Omit the images, then repeat the listing exactly.

• _Given information_
============

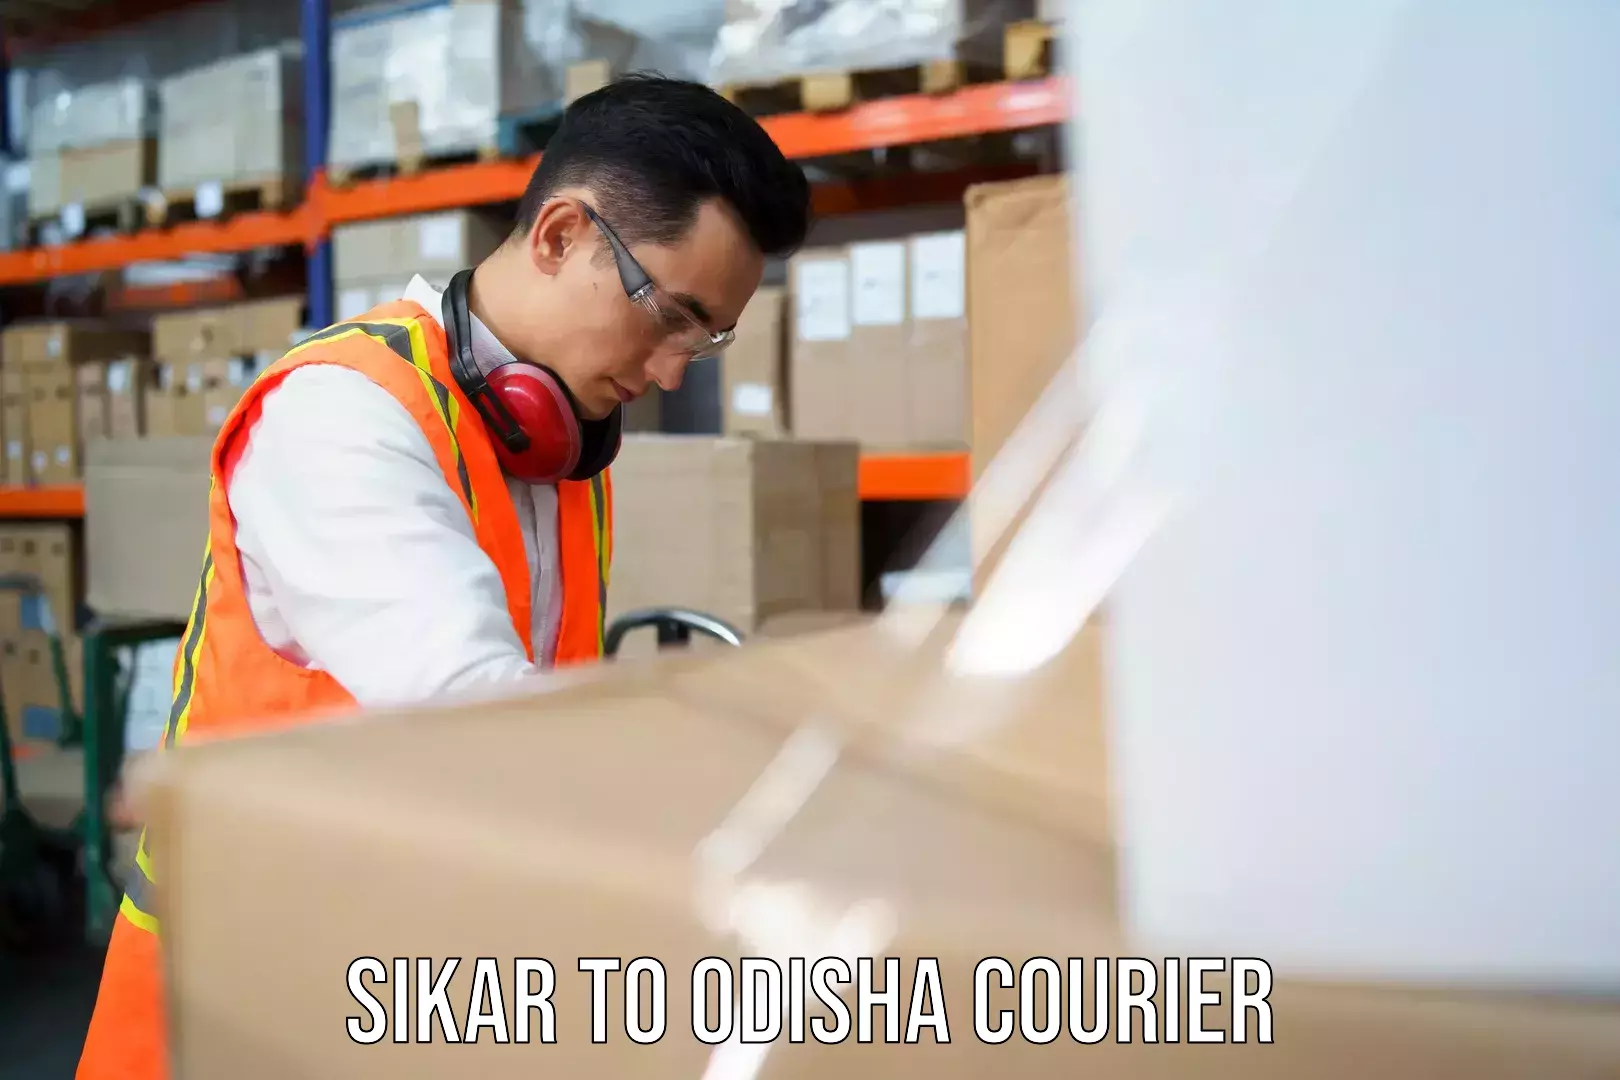 Courier service partnerships Sikar to Pallahara
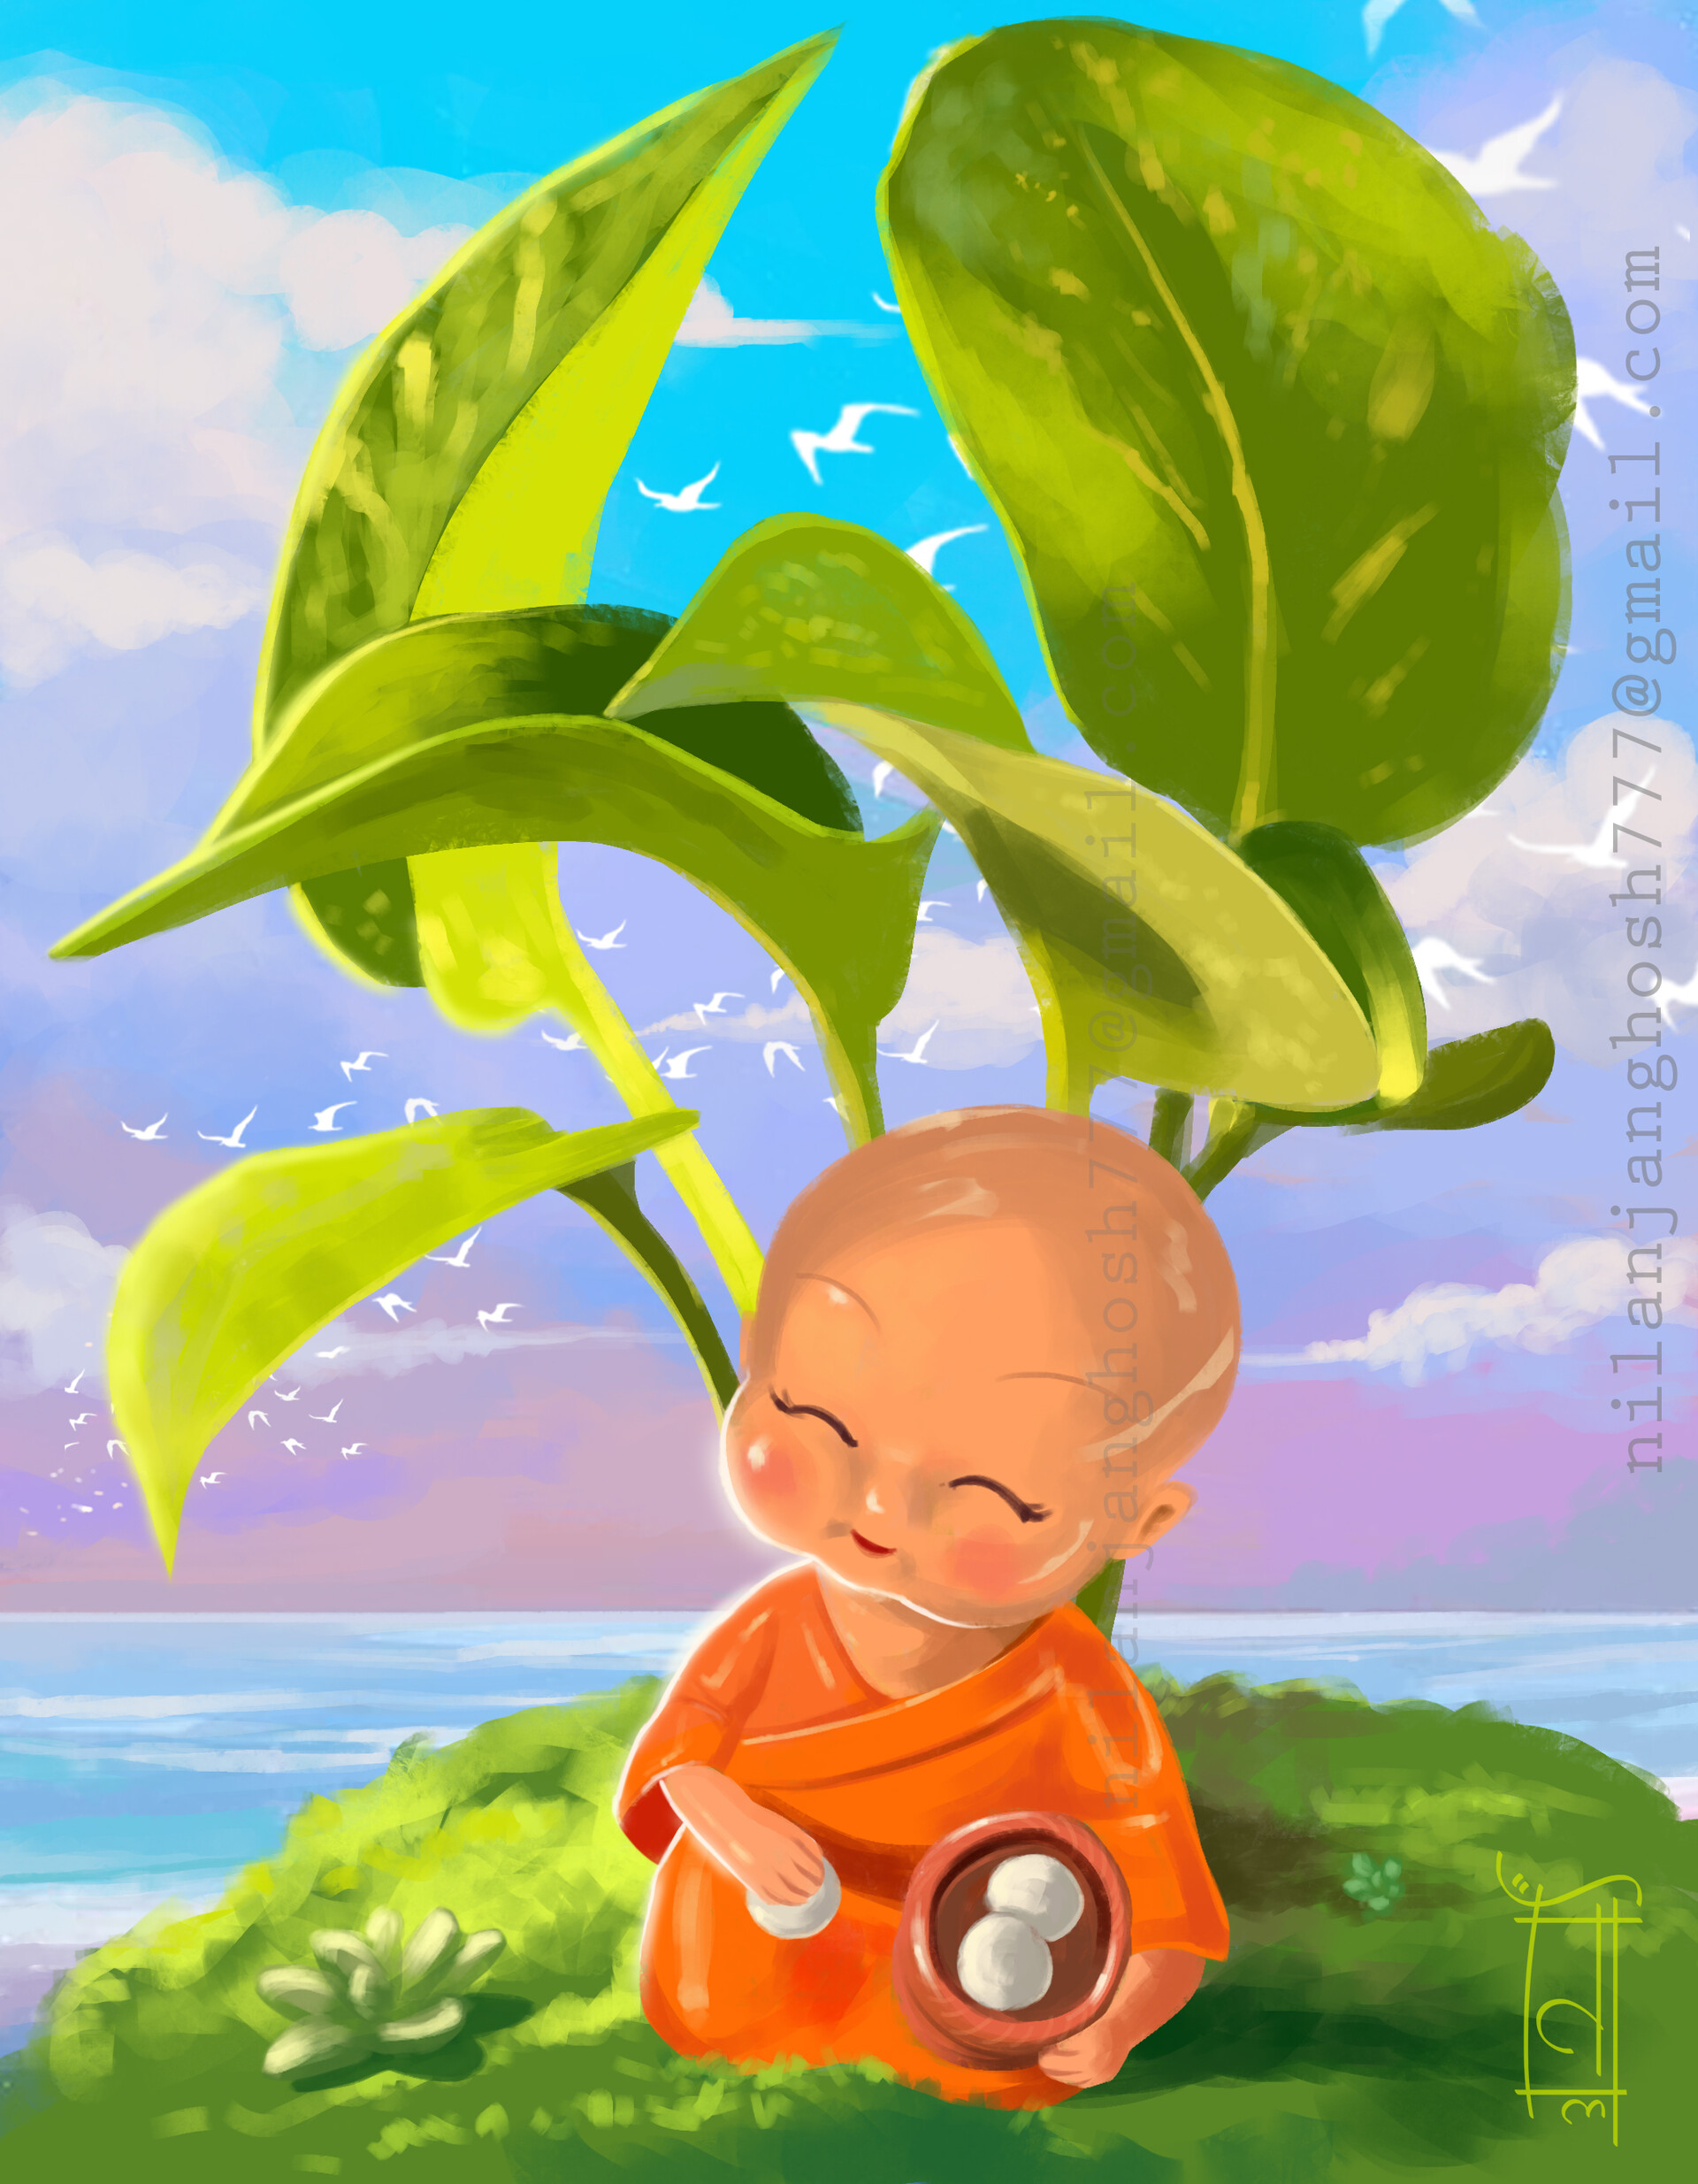 baby buddha drawing
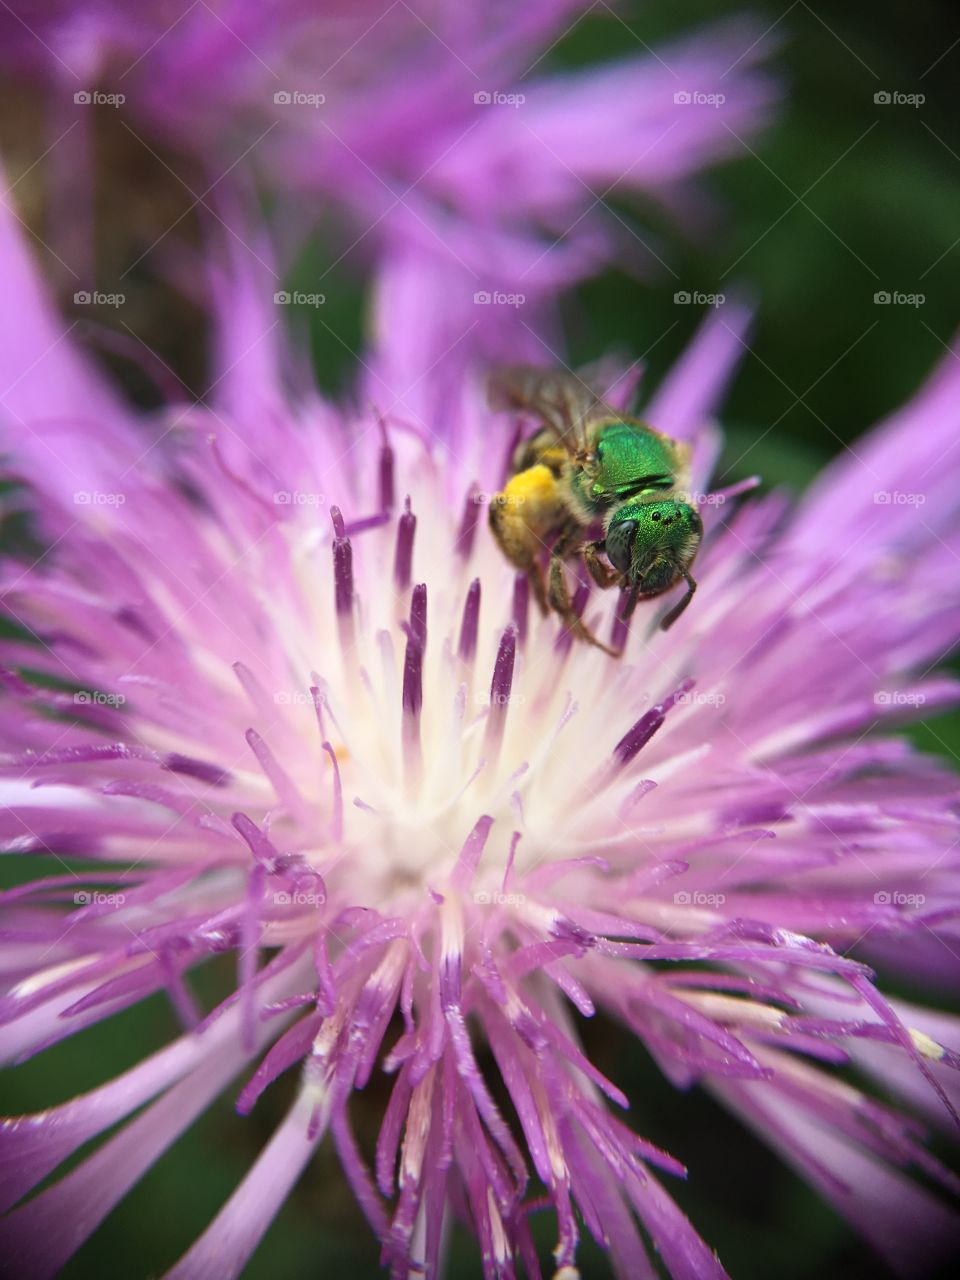 Green metallic bee on clover blossom

============

• _Result of this task_
 Courier service partnerships Sikar to Pallahara
 baby buddha drawing
 Green metallic bee on clover blossom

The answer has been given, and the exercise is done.